Cliquer sur certaines photos pour les agrandir.

Portrait de C. le Coent  -  voir en grand cette image
Portrait de C. le Coent
©2014 Rachel Larcher

 A) Introduction

Qui, à Kérien, se souvient de Césaire le Coent, barde Mab Loïz (= fils de Louis) ? Décédé en 1963 à Coat-Mael en Mael-Pestivien, il a laissé beaucoup de cahiers de poèmes, ayant peu publié. C’était un homme de foi, amoureux aussi de sa Bretagne et de sa langue bretonne.

On trouvera ci-dessous : la plaque posée sur sa tombe (B), un bref résumé de sa vie ©, extrait du livre de Lukian Raoul : Geriadur ar skrivagnerien ha yezhourien (dictionnaire des écrivains et linguistes, éd. Al Liamm, 1992). Nous avons trouvé, grâce à des membres de sa famille, quelques photos de l’auteur.
Après ces notes on pourra lire la traduction de la préface écrite en breton par l’écrivain Ernest le Barzic, barde Roh Vur (D), pour le recueil de Le Coent : Kan ha Pedenn (Chant et Prière).
Enfin, deux poèmes de ce même recueil bilingue (E). En post-scriptum on trouvera les noms des Le Coent qui furent maires de Kérien.
Une des petites-filles du barde, sœur Marie-Pascale, est religieuse, membre de la Communauté des Béatitudes. C’est elle qui a fourni la plupart des photos. Elle garde bien vive la flamme de la foi et de la poésie, ayant elle-même publié plusieurs recueils de poèmes. Ainsi, à l’heure où l’on se plaint de la difficulté de transmettre la foi et bien des valeurs, il arrive que le relais… et le talent passent tout de même entre les générations… (J. Philippe)

 B) Plaque tombale

Plaque apposée sur la tombe de M. et Mme C. Le Coent, (cimetière de Kérien) et traduction. Lors de la gravure de cette plaque, Le Coent avait encore 29 ans à vivre…

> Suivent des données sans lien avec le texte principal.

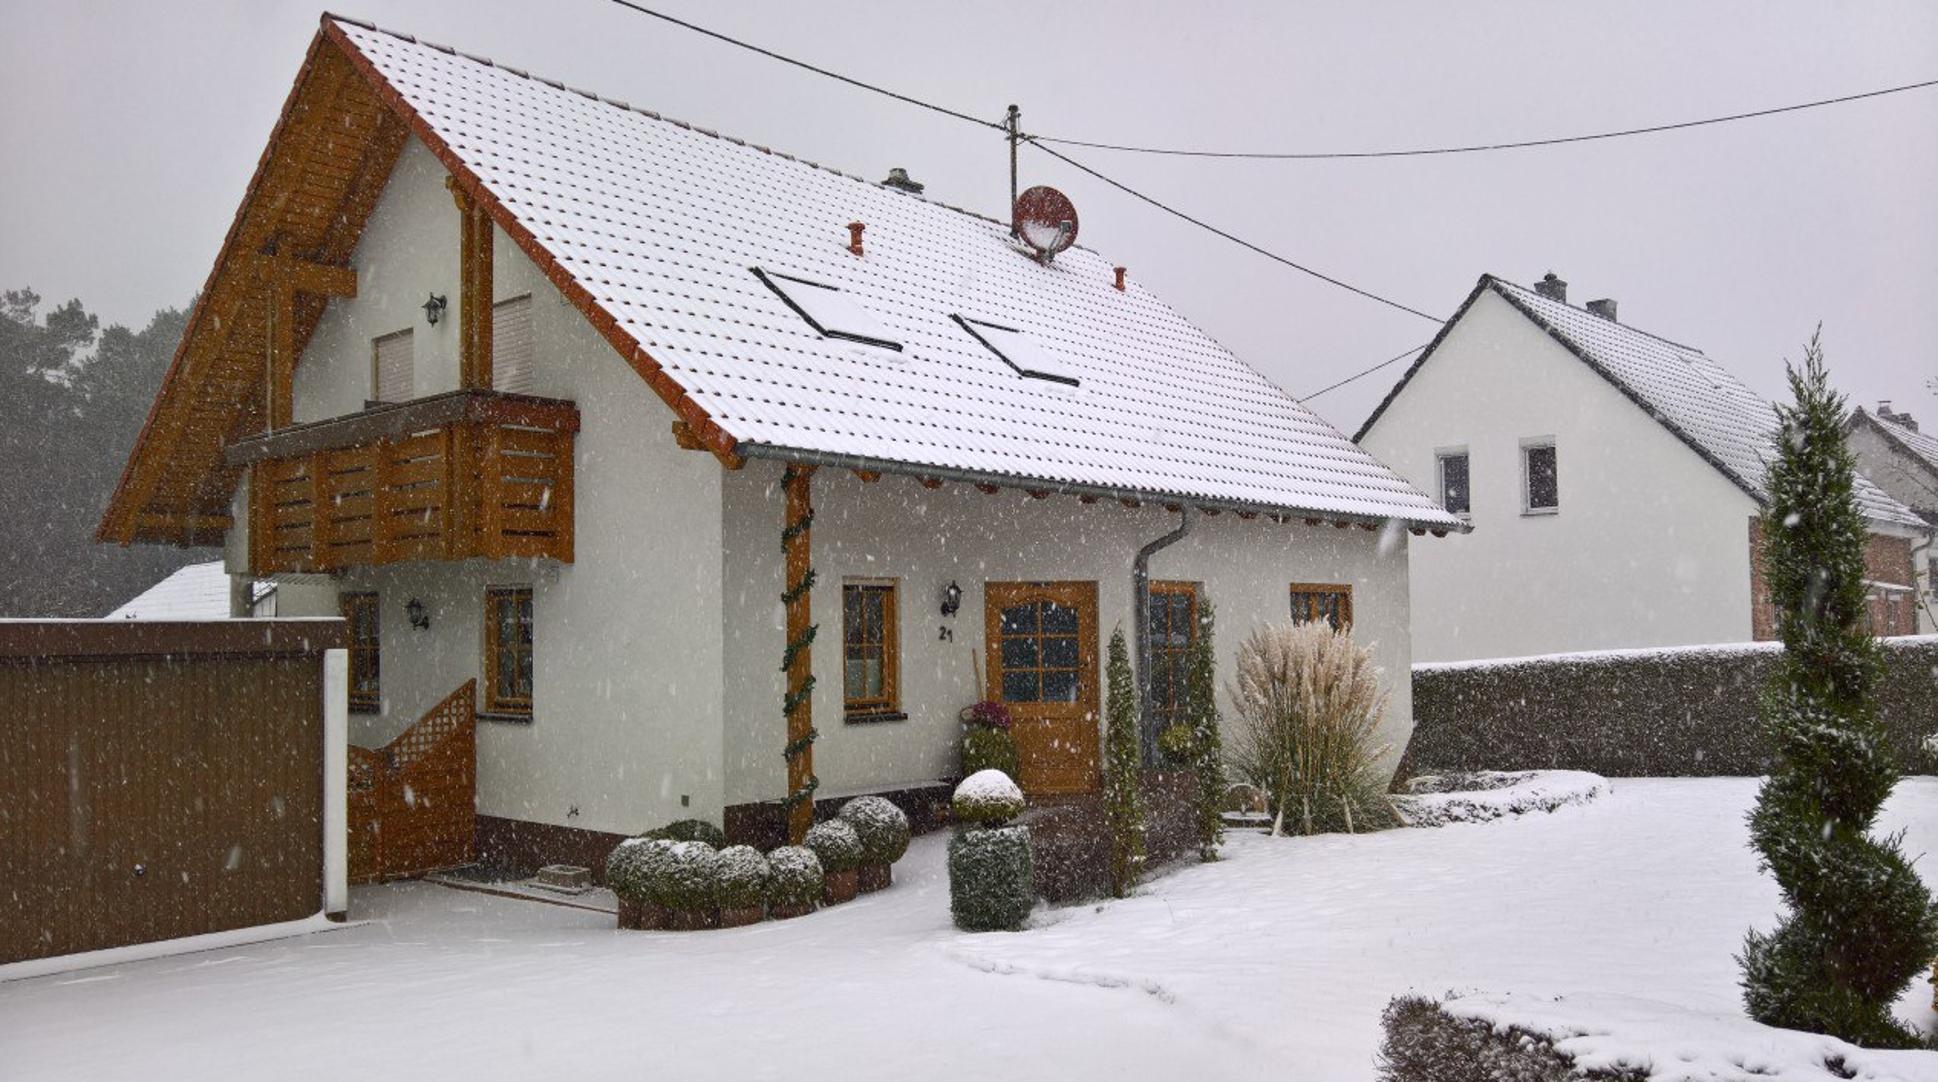 http://www.pfalzherz.de/wp-content/uploads/2018/03/Unser-Haus-im-Schnee-am-10.12.2017_2.jpeg

Plaque sur la tombe de C. le Coent, cimetière de Kérien. -  voir en grand cette image
Plaque sur la tombe de C. le Coent, cimetière de Kérien.

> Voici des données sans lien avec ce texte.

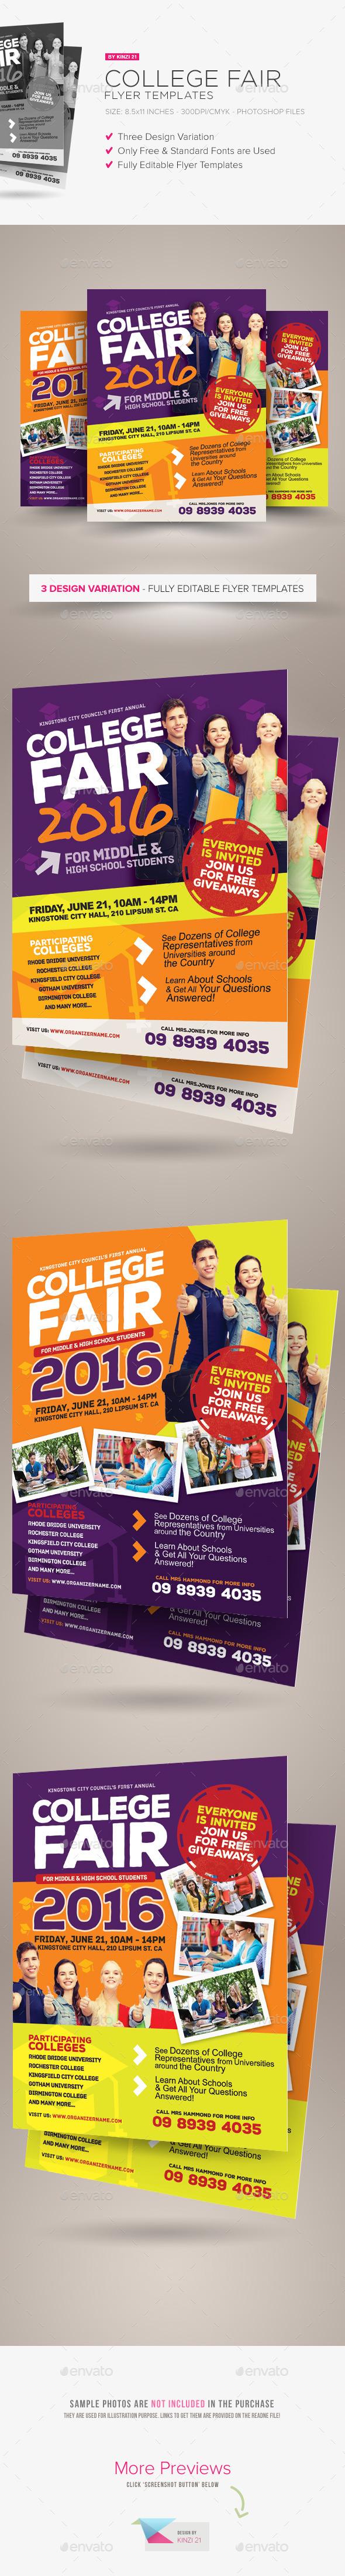 college fair flyer templates flyer templates pinterest flyer

Karet an eus ma fark, ma zi,
Karet am eus ma bro ken kaer,
Me garfe c’hoaz, rôk kimiadi,
Kana, o Breizh, da holl douster.
(a Gerloued / 28 mae 1934)

J’ai aimé mon champ, ma maison,
J’ai aimé mon pays si beau,
Je voudrais encore, avant de dire adieu,
Chanter, ô Bretagne, toute ta douceur.
(à Guerloued, 28 mai 1934)

 C) Lukian Raoul : notice sur Césaire Le Coent (traduction J. Ph.)

Le Coent, Cézaire
Mab Lo(e)iz, Tad Koz, Barz Kerlouet
(Boulbriag, 26.01.1876/Mael-Pestivien 10.07.1963)

Barzh. labourer-douar e Kerlouet e kumun Kerien (Kernev-Uhel) ma voe maer anezhi. En e 58 vloaz e oa pa grogas da skrivañ e brezhoneg. Erwan ar Moal, hag a anaveze mat anezhañ, en doa goulennet barzhonegoù ha kanaouennoù digantañ evit e gelaouenn Breiz. Dre ma reas berzh mat e skridoù kentañ e talc’has goude-se da genlabourat gant Breiz betek ar brezel, ha gant kelaouennoù all betek e varv. Barzh er C’hursez a voe graet anezhañ e 1939, e Gwened. [suivent quelques titres de poèmes]

Traduction :
Le Coent, Cézaire [sic ; il signait aussi Kezair ar C’hoent]
Mab Loïz, Tad Koz, Barz Kerlouet (Noms de plume : Fils de Louis, Grand-Père, Barde de Kerlouet)
Poète. Agriculteur à Kerlouet dans la commune de Kérien (Haute-Cornouaille) dont il fut maire. Il avait 58 ans quand il commença à écrire en breton. Erwan ar Moal, qui le connaissait bien, lui avait demandé des poèmes et des chansons pour son journal Breiz. Comme ses premiers écrits eurent du succès il continua par la suite à collaborer avec Breiz jusqu’à la guerre, et avec d’autres périodiques jusqu’à sa mort. Il fut fait Barde du Gorsed en 1939, à Vannes. [NB 1 : sur sa plaque mortuaire, on a fait graver « druide » et non « barde ».)]
[NB 2 : une des œuvres de Mab Loïz ne semble pas avoir été éditée : sa pièce de théâtre Ar Zedach (Le ZH), restée à l’état de manuscrit (Archives du Finistère, fonds Jaffrennou-Taldir).

Photos

Césaire le Coent en militaire
Césaire le Coent en militaire


Césaire le Coent, sous-officier de réserve -  voir en grand cette image
Césaire le Coent, sous-officier de réserve


Le barde vers 1913-1913
Le barde vers 1913-1913


Marie Courtois, épouse de C. Le Coent -  voir en grand cette image
Marie Courtois, épouse de C. Le Coent

 D) Préface de Kan ha Pedenn

-traduction du texte breton de l’écrivain Ernest ar Barzic-Roh Vur.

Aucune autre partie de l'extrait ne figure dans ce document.